● WORK INSTRUCTION
With the pictures left out, print exactly the lines below that run from the one containing "Financial Investment Feasibility" through the one containing "Close-up of Christmas".

*** EXERCISE INPUT Section Begins ***

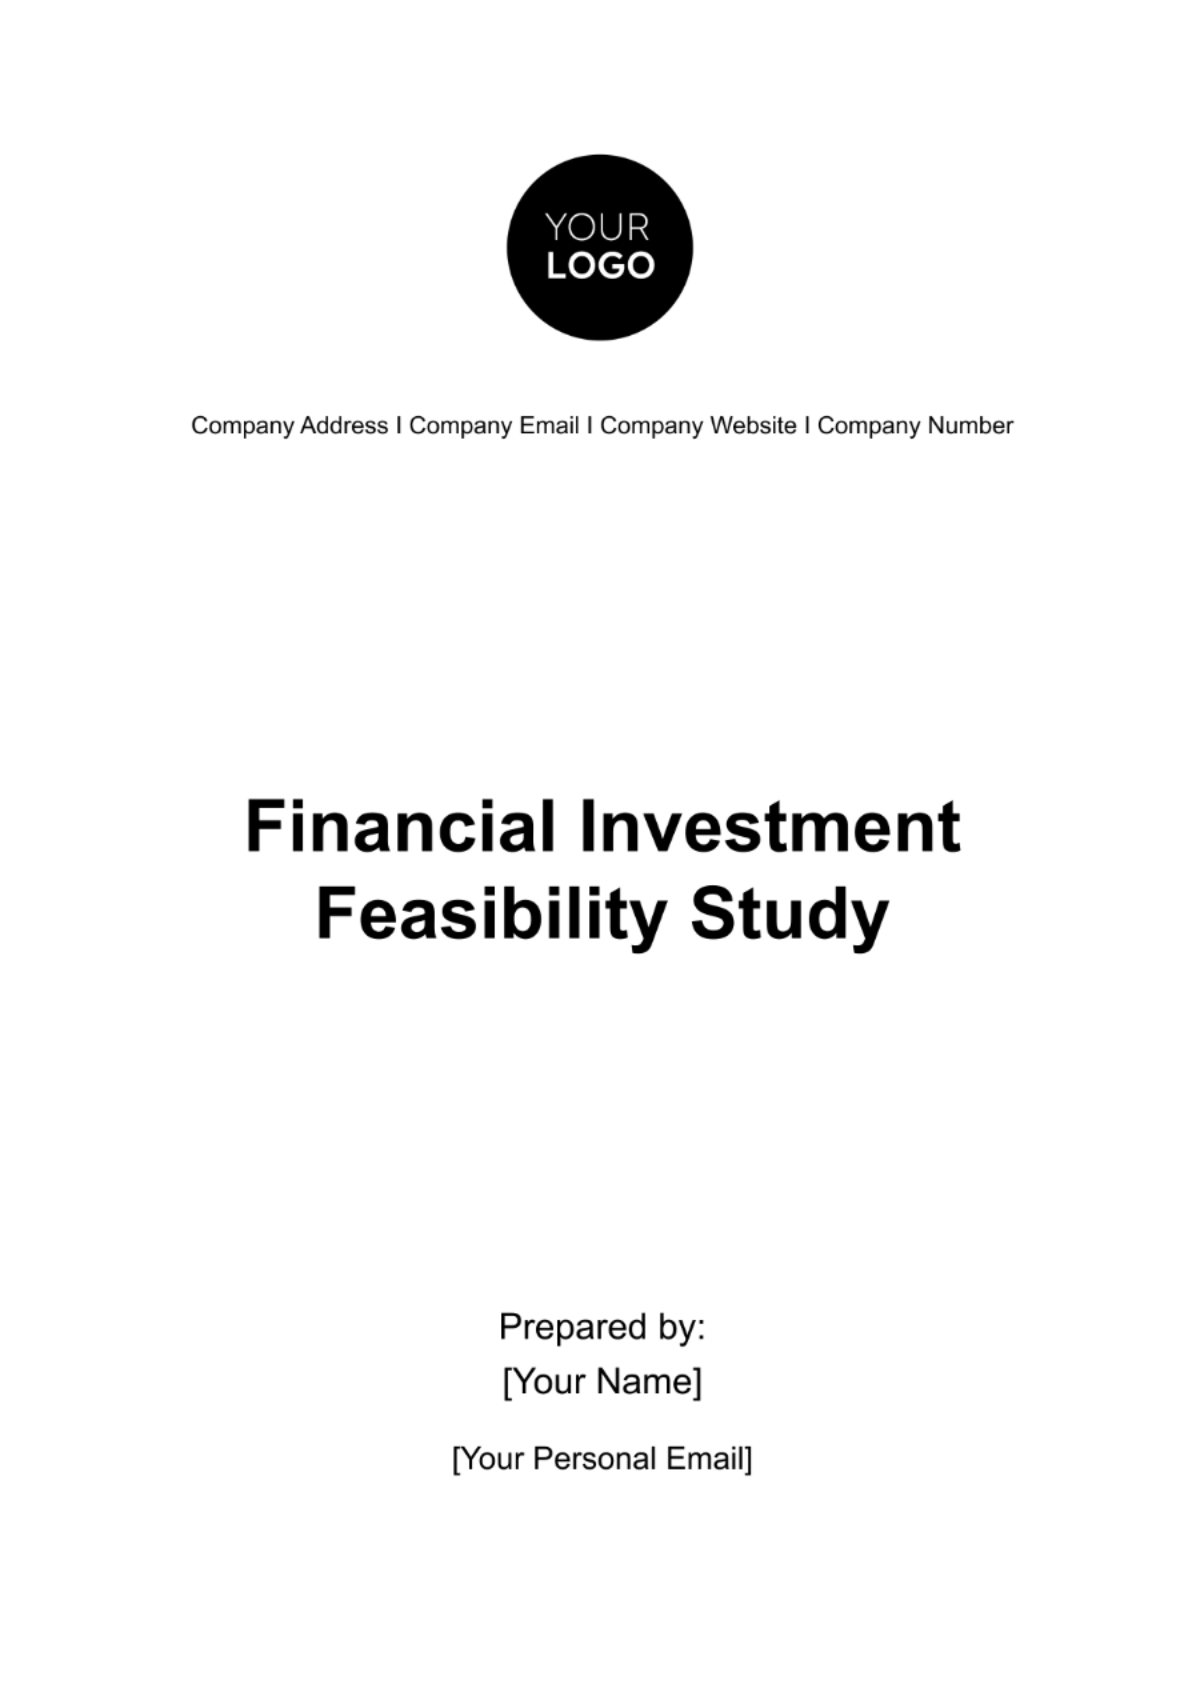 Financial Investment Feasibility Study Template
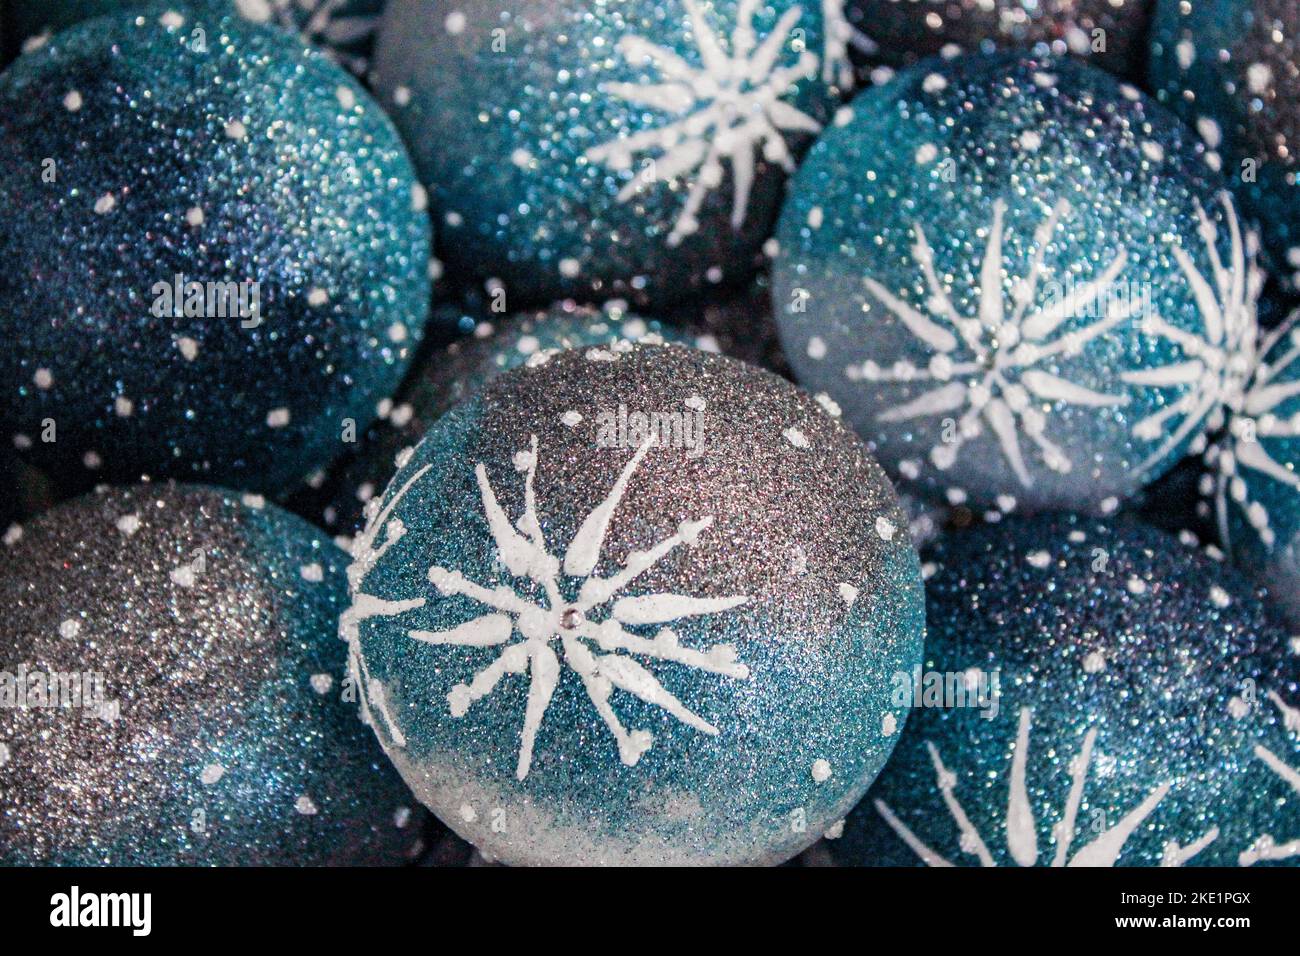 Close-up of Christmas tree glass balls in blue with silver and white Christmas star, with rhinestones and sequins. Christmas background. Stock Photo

*** EXERCISE INPUT Section Ends ***
*** EXERCISE INPUT Section Begins ***

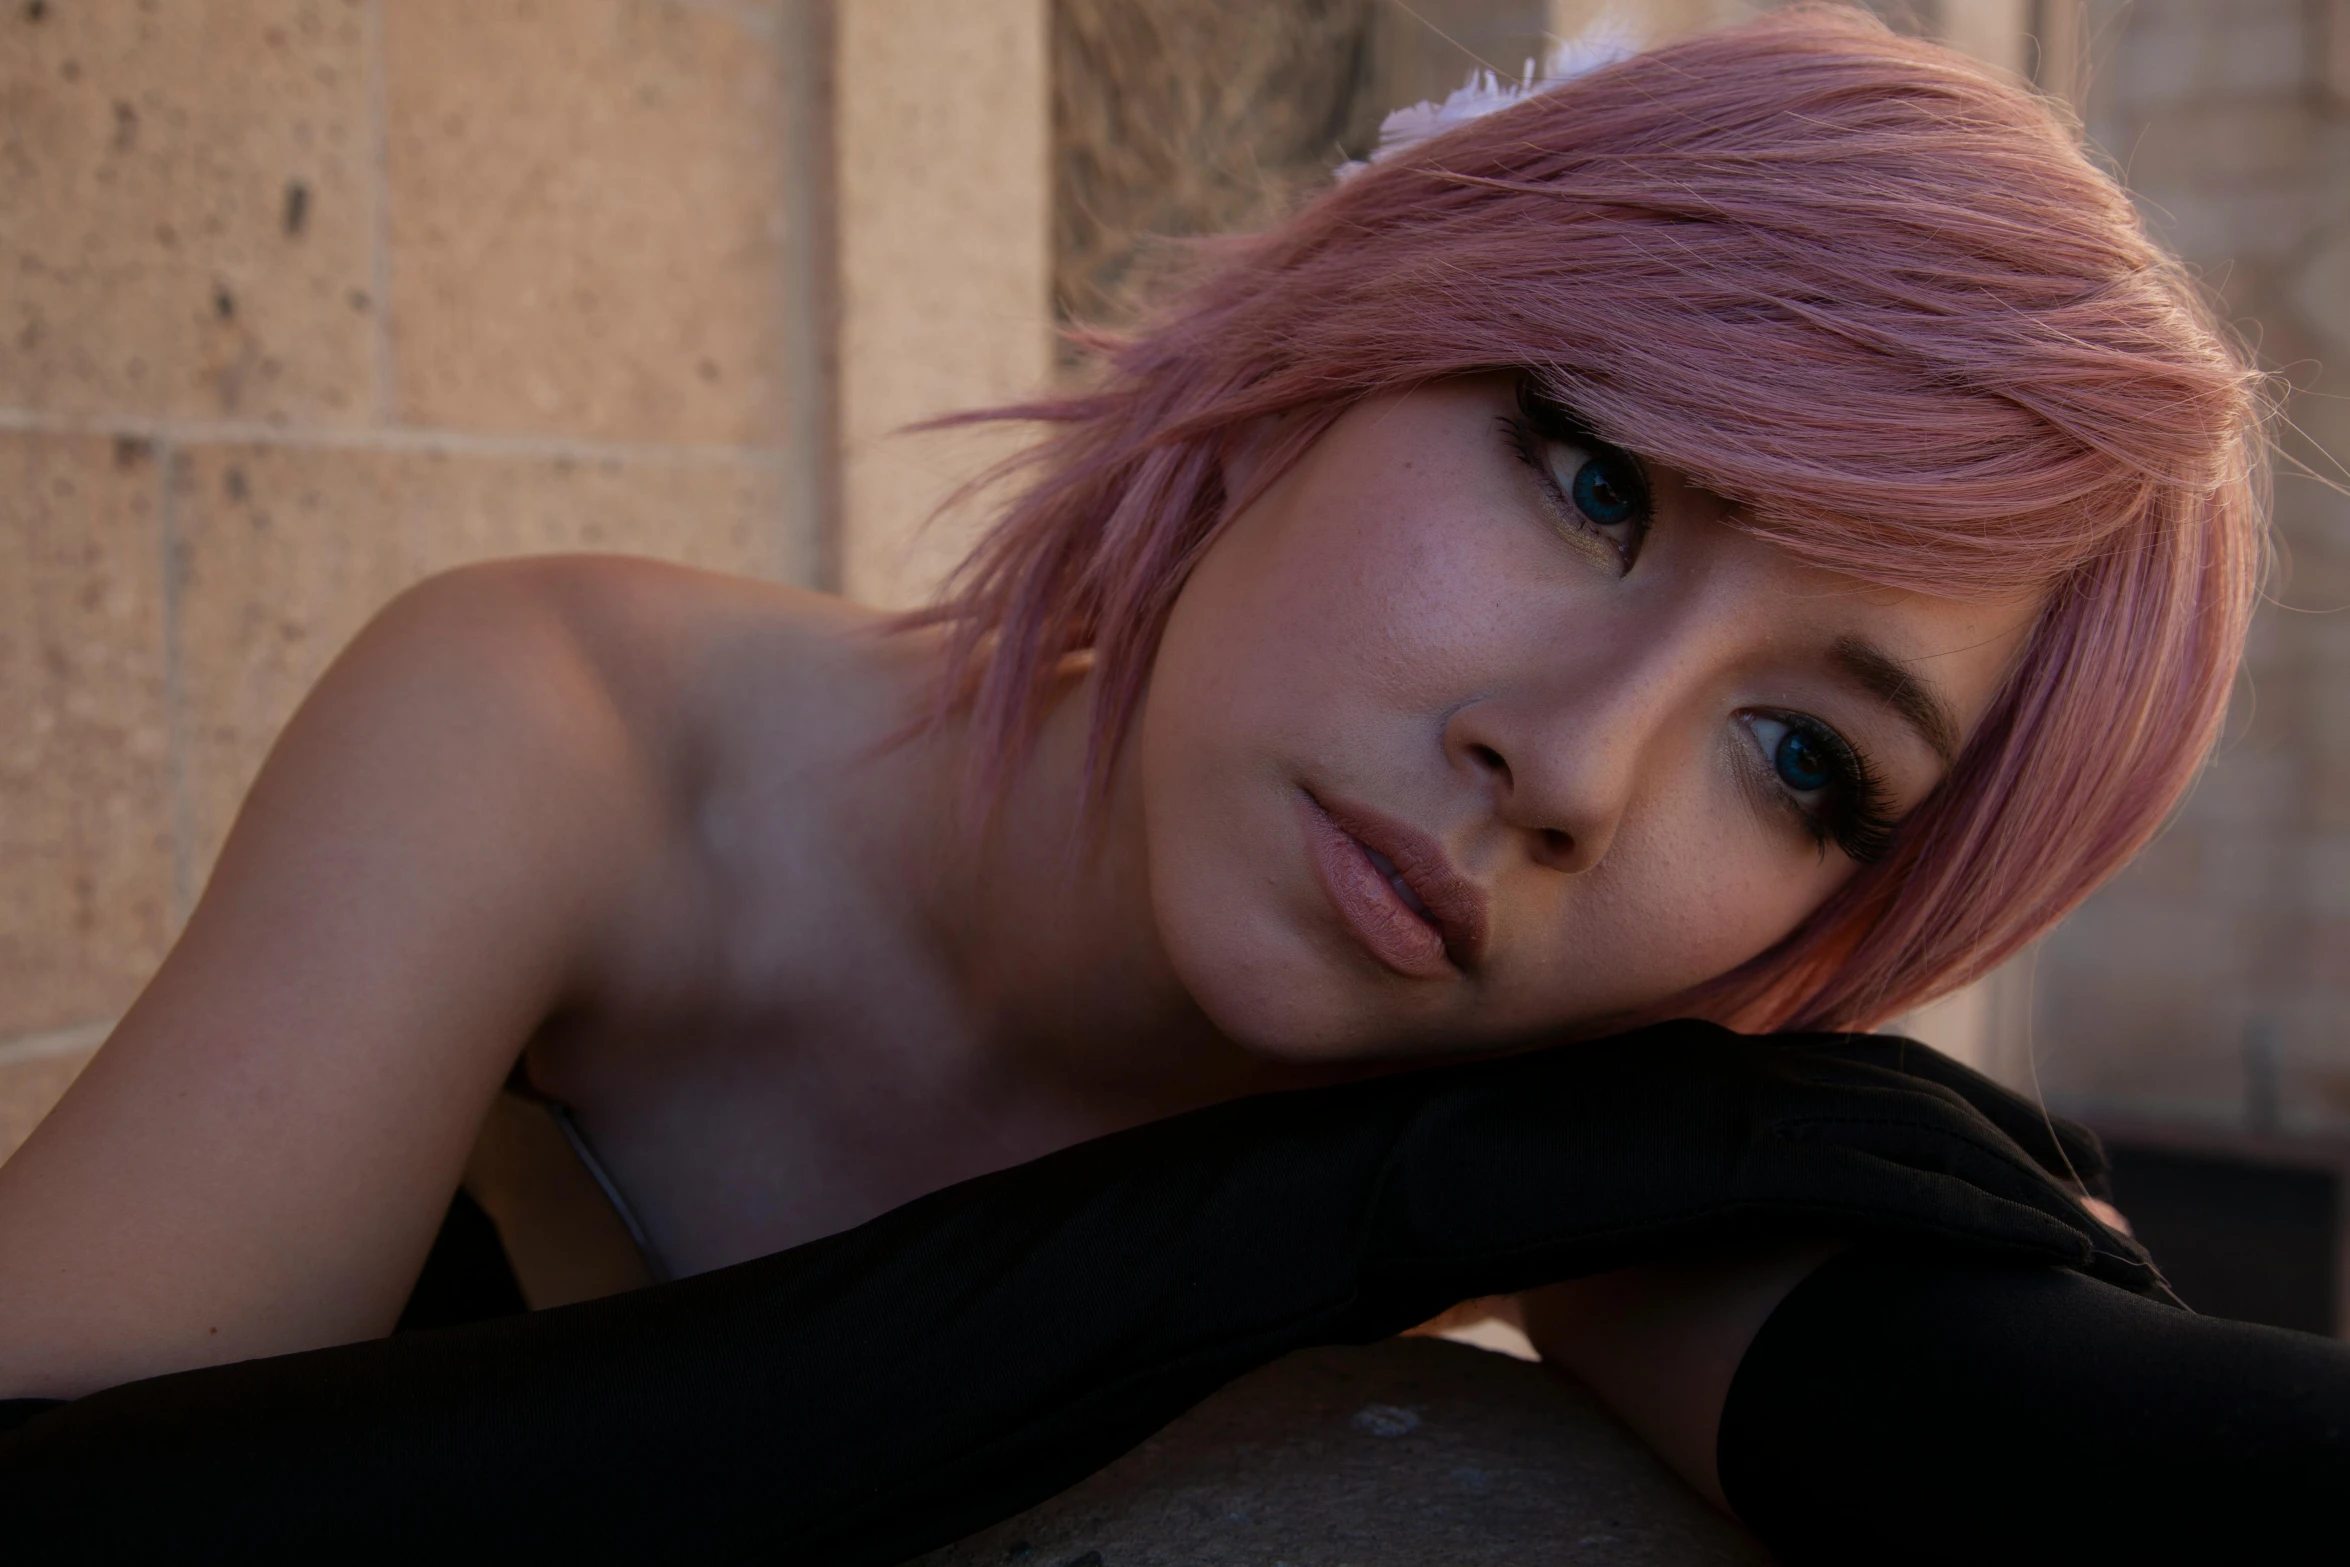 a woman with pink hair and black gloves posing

*** EXERCISE INPUT Section Ends ***

● TASK OUTPUT
 Financial Investment Feasibility Study Template
 Close-up of Christmas tree glass balls in blue with silver and white Christmas star, with rhinestones and sequins. Christmas background. Stock Photo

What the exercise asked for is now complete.